**** The input
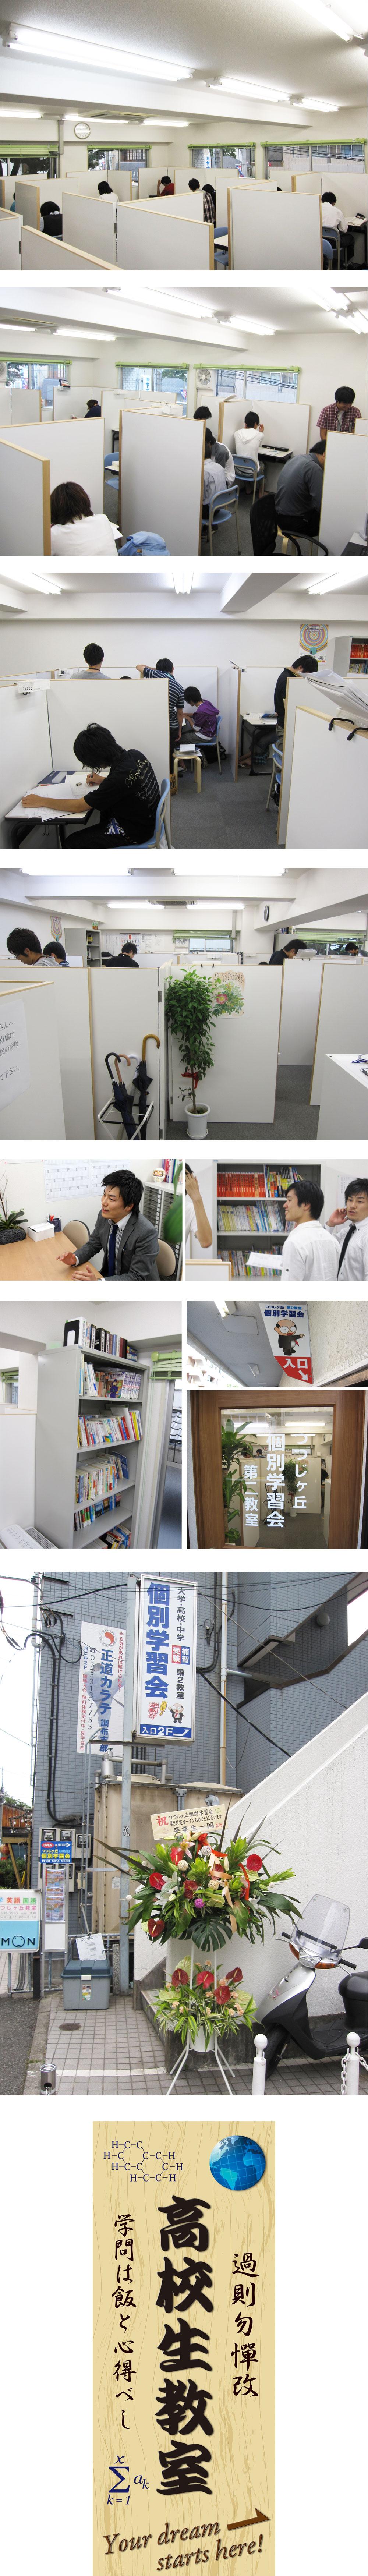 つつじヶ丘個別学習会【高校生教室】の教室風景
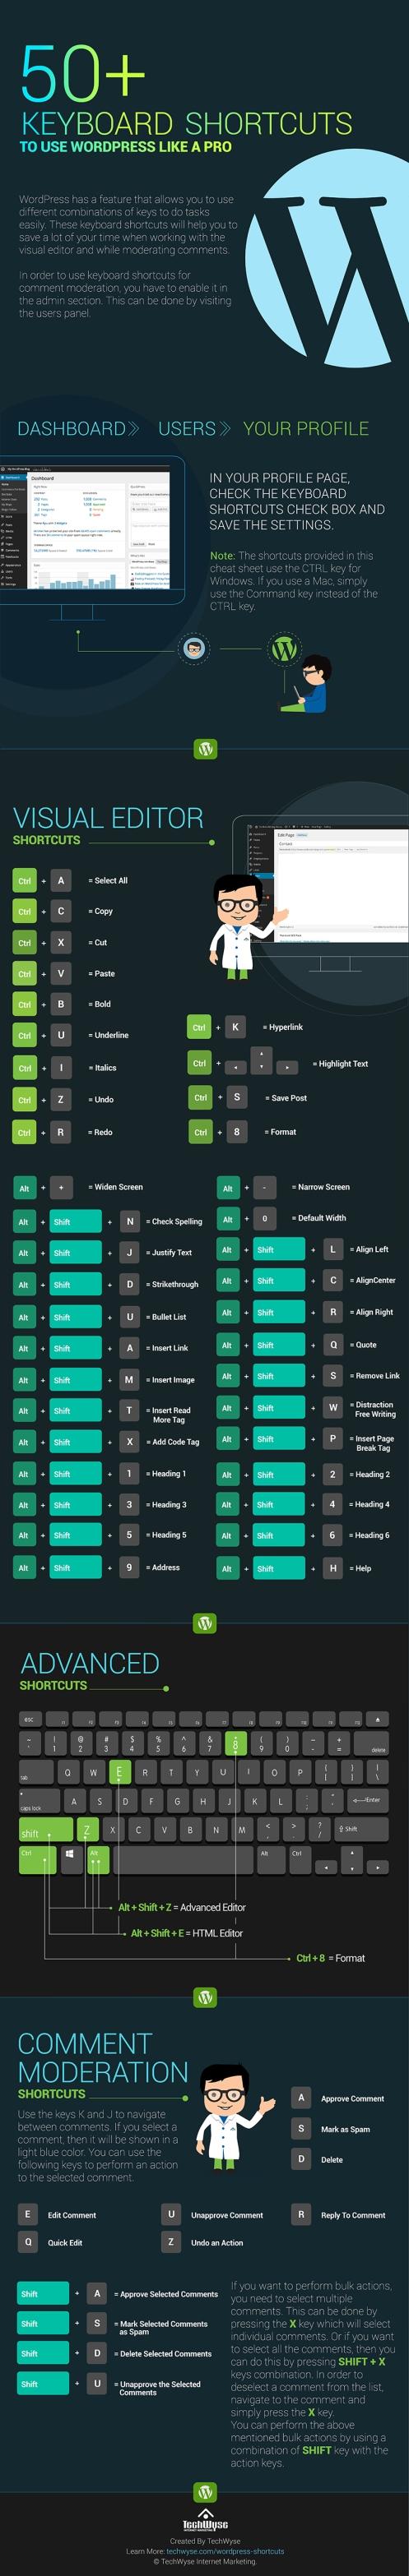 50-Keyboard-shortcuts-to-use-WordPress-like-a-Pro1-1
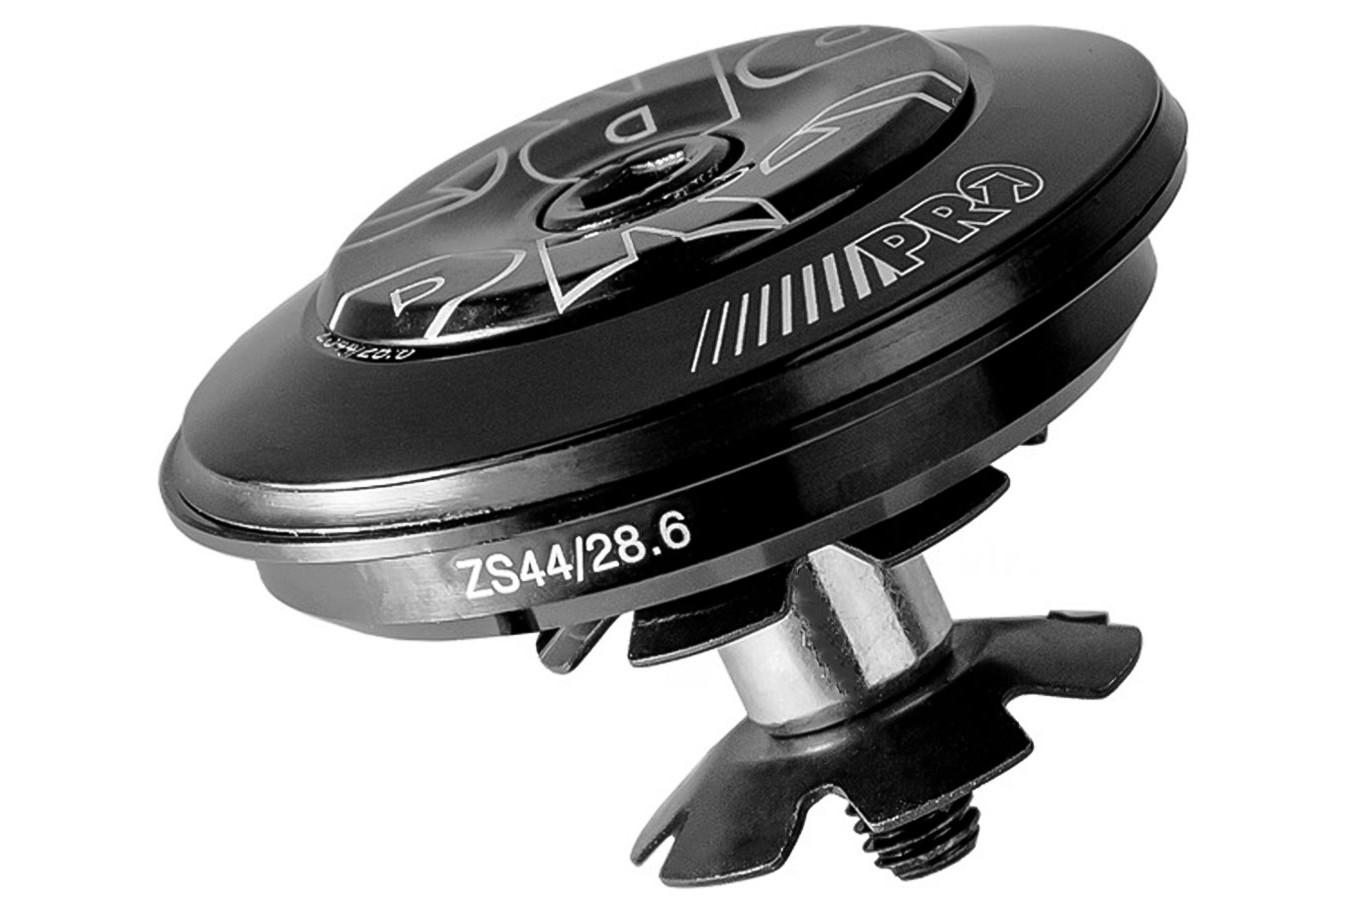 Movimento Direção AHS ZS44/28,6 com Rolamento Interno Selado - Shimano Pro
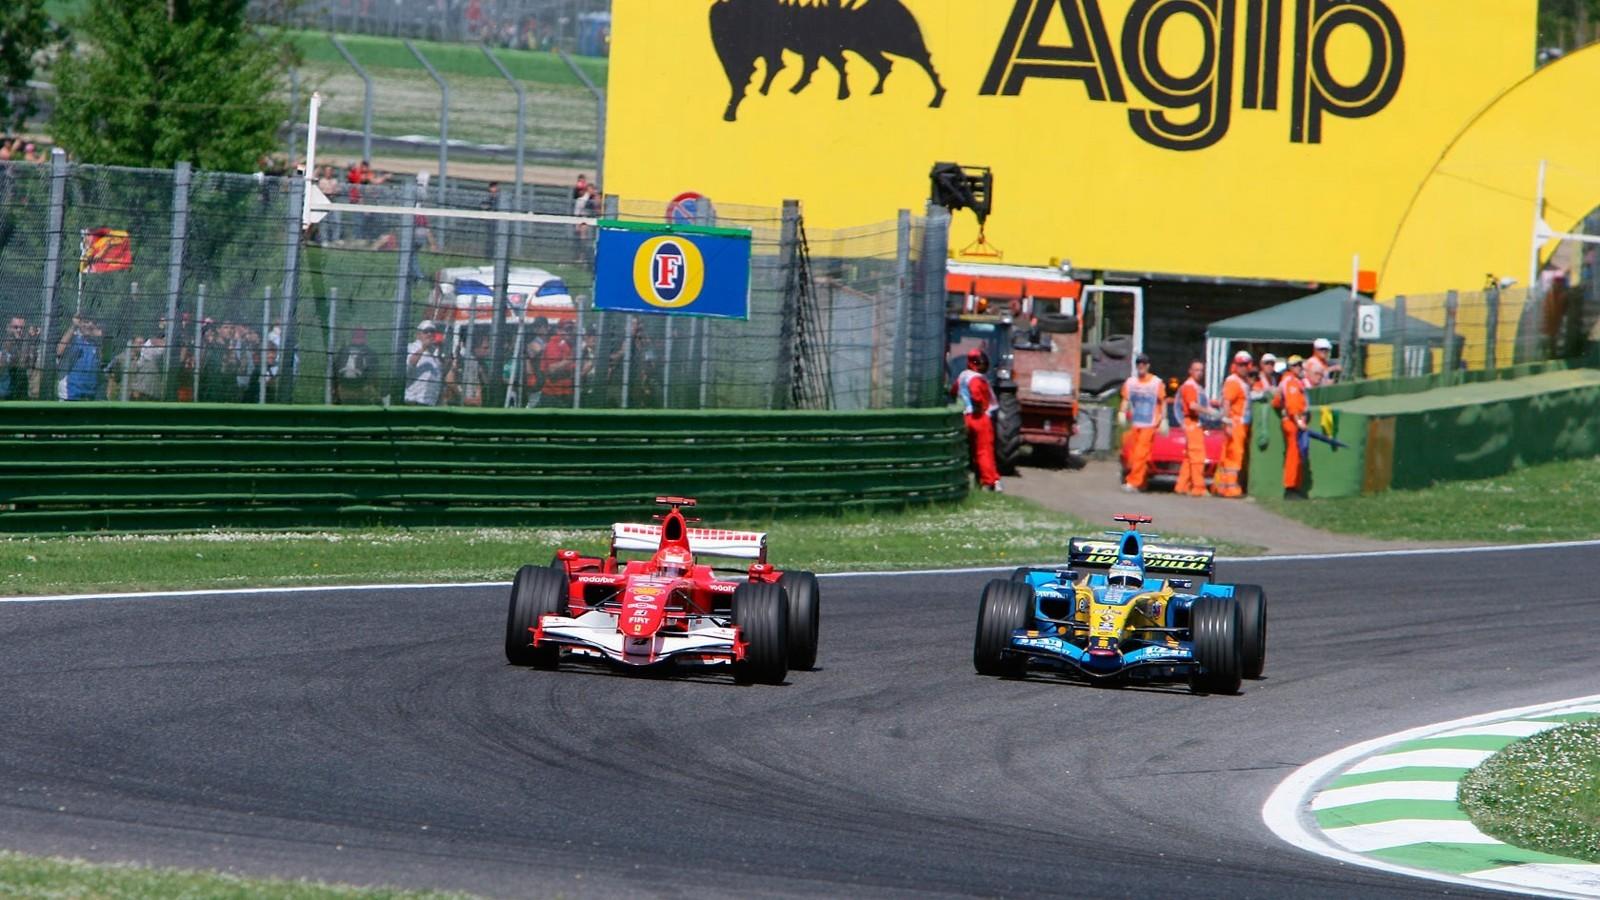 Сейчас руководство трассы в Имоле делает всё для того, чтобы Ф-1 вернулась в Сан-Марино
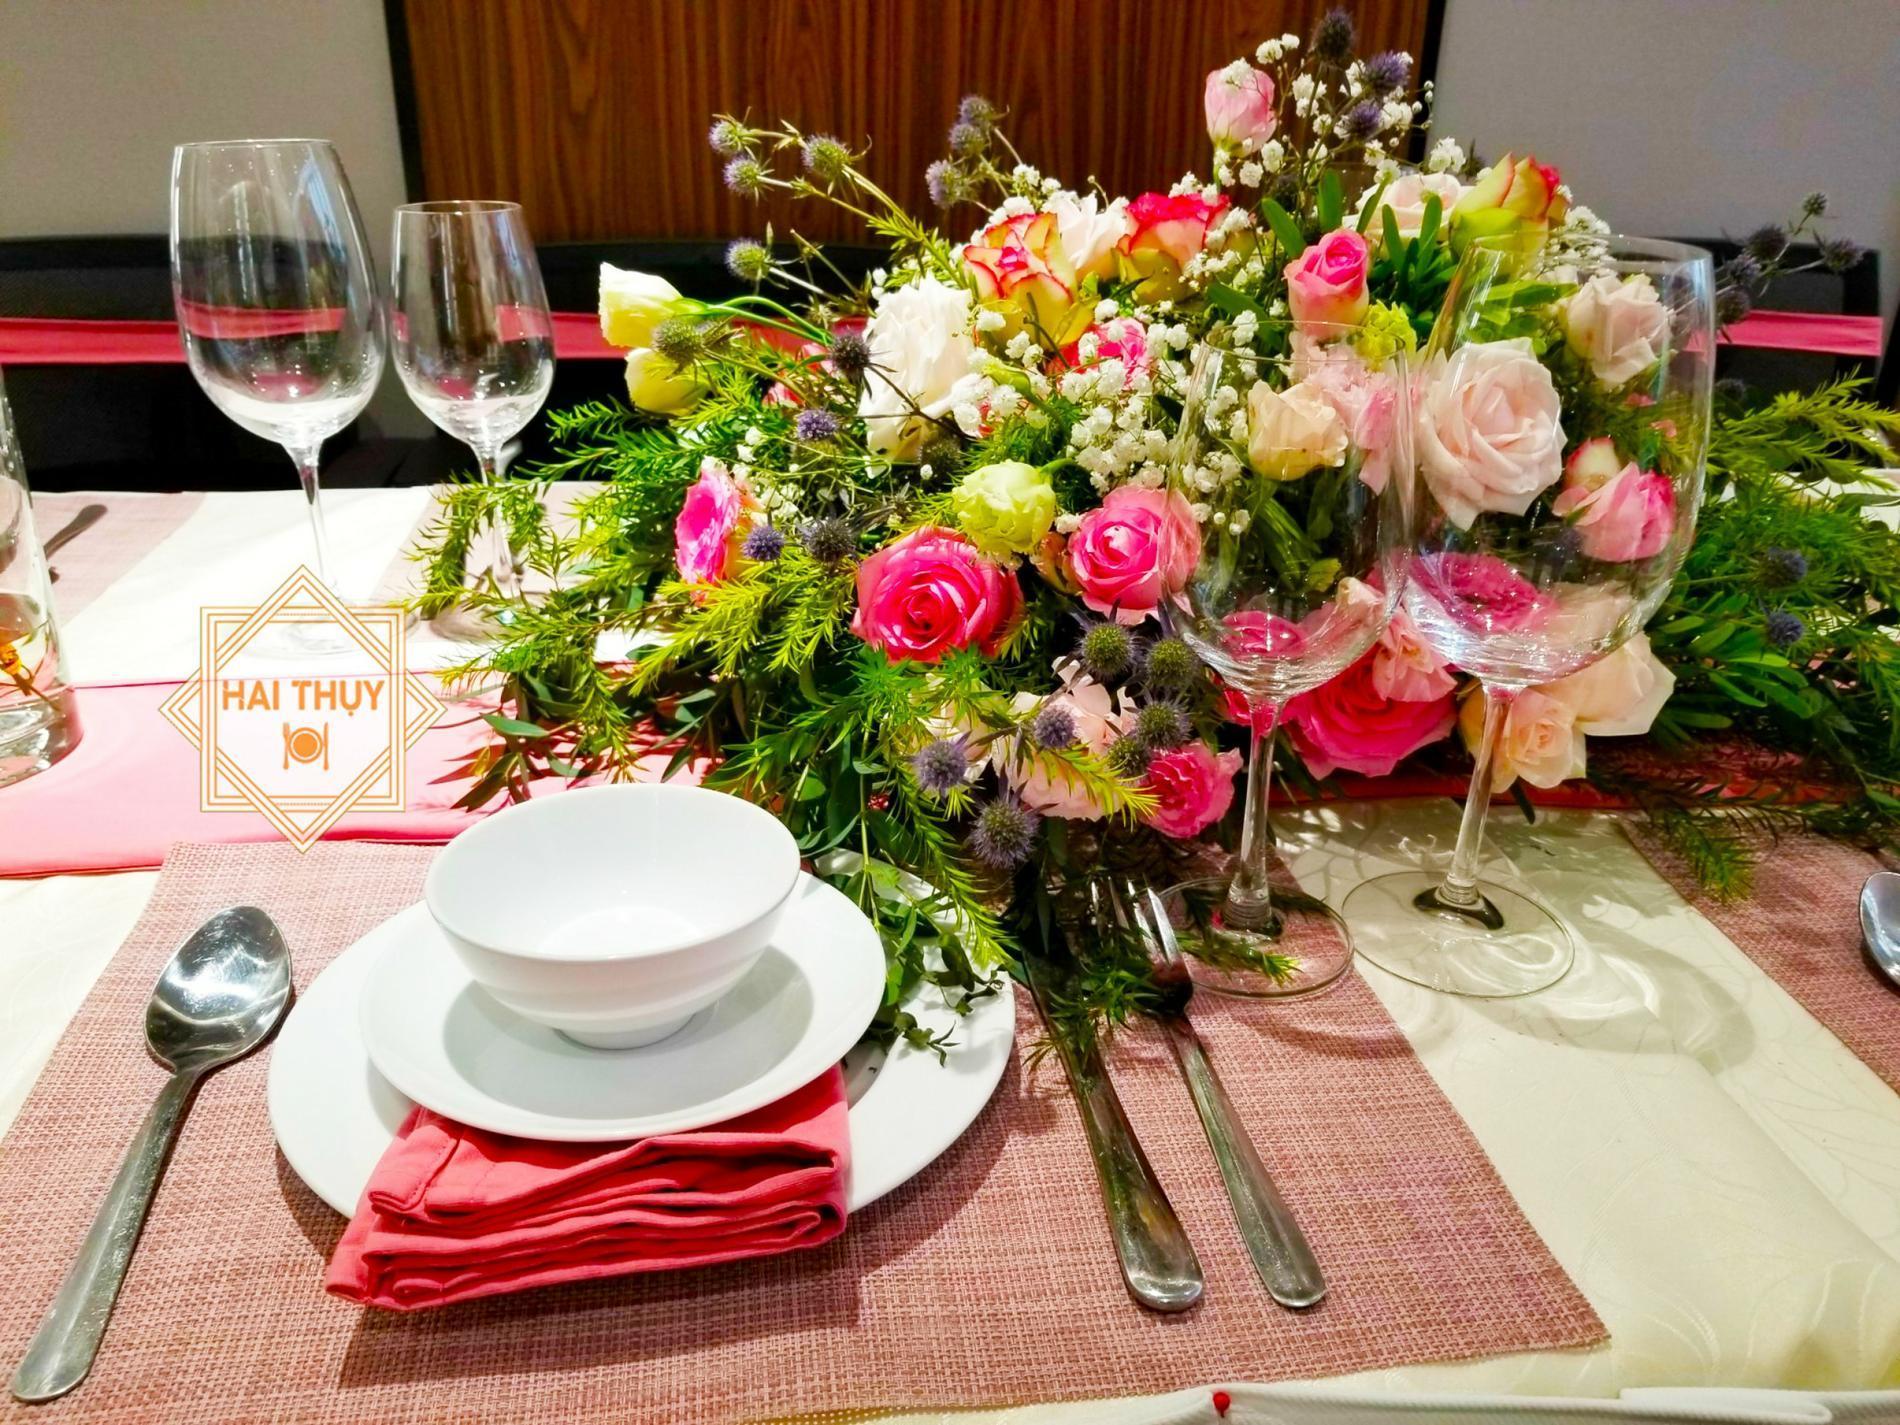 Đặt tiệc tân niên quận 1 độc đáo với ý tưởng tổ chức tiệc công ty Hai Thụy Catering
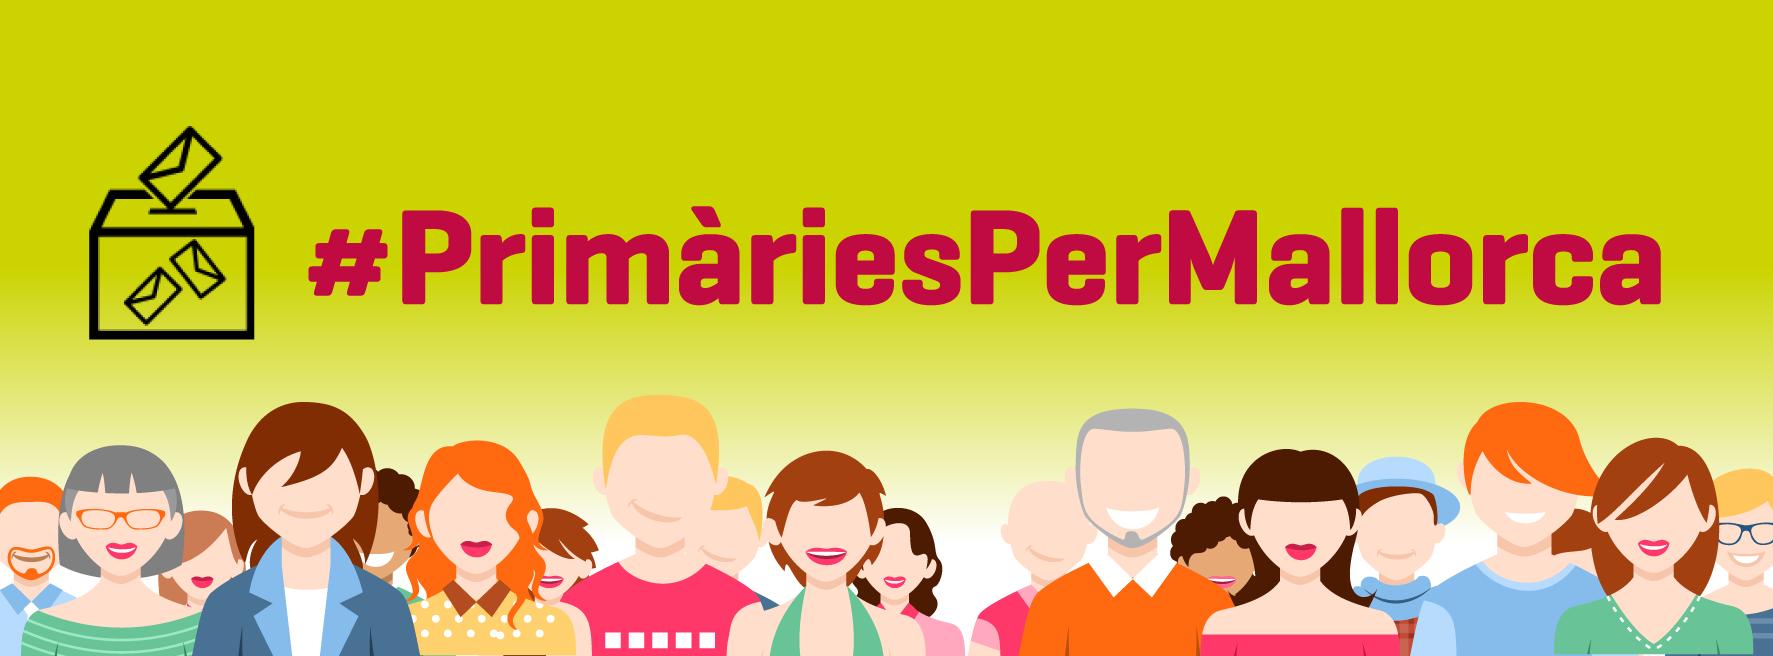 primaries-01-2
********
Assignment: Give again, word for word, only the lines that run from the top of the data above through the line with "Сейчас руководство трассы". Drop the pictures.

The answer:
 つつじヶ丘個別学習会【高校生教室】の教室風景
 50-Keyboard-shortcuts-to-use-WordPress-like-a-Pro1-1
 Movimento Direção AHS ZS44/28,6 com Rolamento Interno Selado - Shimano Pro
 Сейчас руководство трассы в Имоле делает всё для того, чтобы Ф-1 вернулась в Сан-Марино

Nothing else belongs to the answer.